Supporting IE6 – How much does this cost?
June 30th, 2009 RustyWhile it may astound many developers that IE6 is still a popular browser, when you segment your audience with an industry heavy in compliance bureaucracy and political overhead, you find users who are not able to upgrade their office computers. Their IT department is understaffed and conditioned to resist any innovation that might introduce more work for them. Thus, you’re stuck supporting an ancient, inferior browser and you are forced to continue to code everything twice – once for modern, standards compliant browsers; once for IE6. While this is an improvement over times past, its still a legacy behavior that costs real money to business. How much? That’s hard to quantify.
Some deductive cost analysis
Let’s tally up the time it takes me to test a new feature against IE6. This is an isolated development activity that does not take into account the cost of configuring and maintaining a virtual machine that hosts IE6. It takes for granted the cost of software licensing necessary to keep an IE6 OS around and to run it. I am using VMWare so hardware is negligible. However, you could also include the cost of hardware for a machine that hosts IE6. There are images available for virtual pc but these are getting harder to find and they expire regularly. Microsoft wants us to move forward and they make it hard to hold back on upgrading IE6. Nonetheless, businesses allow their IT departments to shackle their employees because anything that involves IT carries IT costs. Its a viscous cycle of lock down followed by immobility but that’s outside the scope of my current point.
I waited for 20 minutes while my IE6 Virtual Machine booted up. In order to test against my development server, I have to run two Windows virtual machines simultaneously and that pretty much slows the system to a crawl.
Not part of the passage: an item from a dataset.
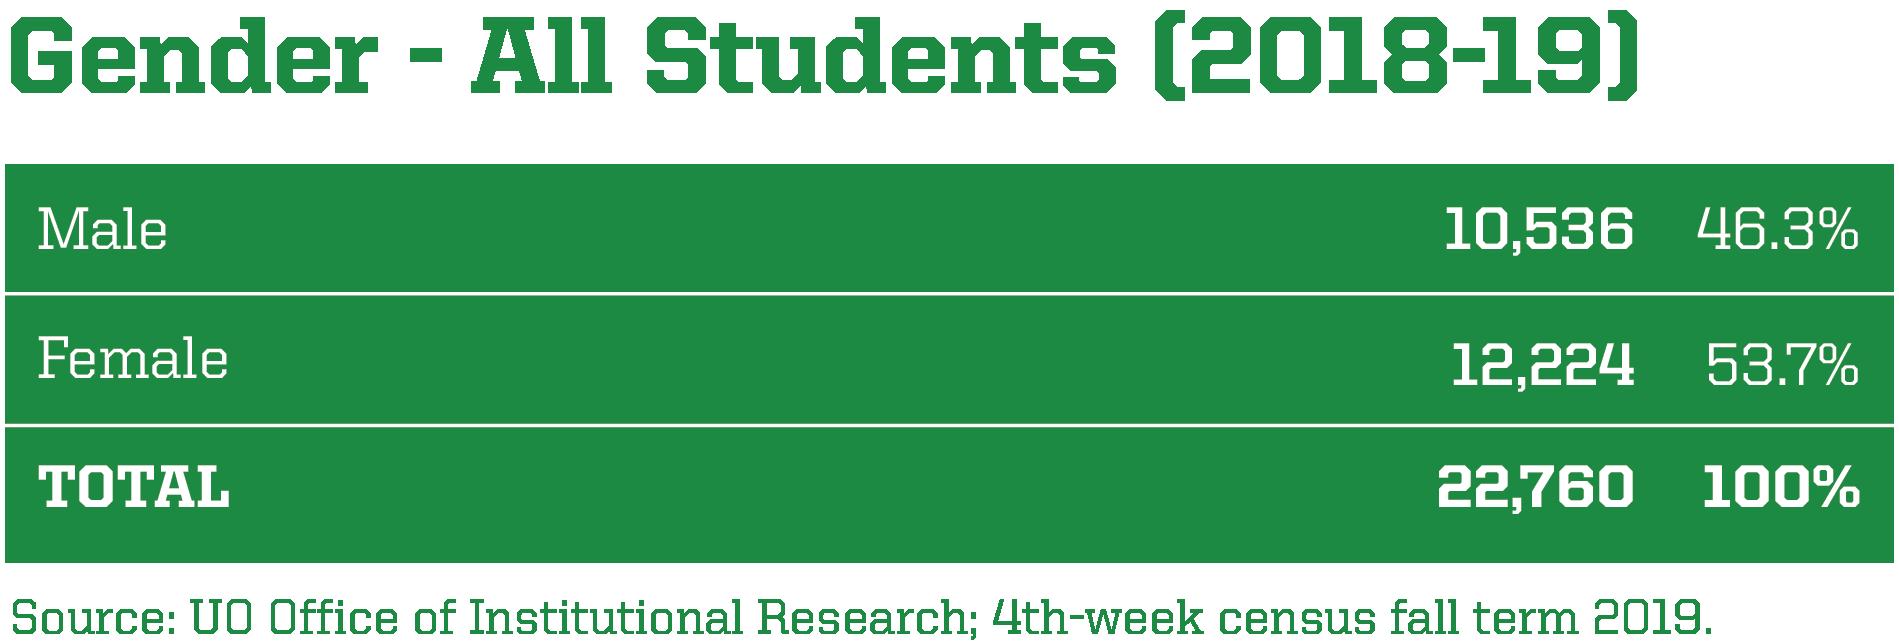 Gender Breakdown of UO Students

To access my server from my IE6 machine, I had to reconfigure my network settings to use bridged networking. This took another ten minutes before it would connect. Though my settings were correct, I still couldn’t access the website on my dev server VM. I had to close down my browsers and try again. 35 minutes into my activity, I am still trying to bring up the page to see how it displays! Finally, the page loaded correctly. At first, I was very excited to see a perfect page. Then I realized it was firefox. I try to limit my risk variables when troubleshooting. On to IE6, then.
I’ve gotten very good at fixing IE6 issues. When I brought up the page, it was a disaster. I quickly identified that my “overflow” was not working and Googled the solution: a fixed width on the overflow container. jQuery then took care of the rest. I love that library! Finally, I had a png file that was being manipulated by the iepngfix behavior so I dumped that. If I am going to support IE6, its buh bye to png transparency for now. The pngfix was f’ing up the size of the img. Sure, I could have specified a fixed height and width on the img tag but that’s so old school.
About an hour per IE6 page
Sure, this is an isolated and unique event but I think its probably pretty close. Today I was held up getting the environment running but the fixes were easy. Tomorrow I won’t have to jump through hoops but the fixes may take longer. I would be willing to bet that for each page that needs to support IE6, add an hour of work. Have 100 pages to work through? 100 hours. At a hip shot rate of $100/hr for average salaried developers and you see that IE6 gets expensive (that is a $10,000 non feature). It also holds up progress and innovation and lowers moral but focus on what’s important: its expensive. Again, I am just shooting from the hip on that cost, its most likely much, much higher.
I look forward to the day when I have a systems admin working for me who resists doing his job to keep software current and useful while at the same time refusing to let user serve themselves. I will have years of pent up frustration to present him or her with. I hope I am in a pleasant enough mood to find the levity in it.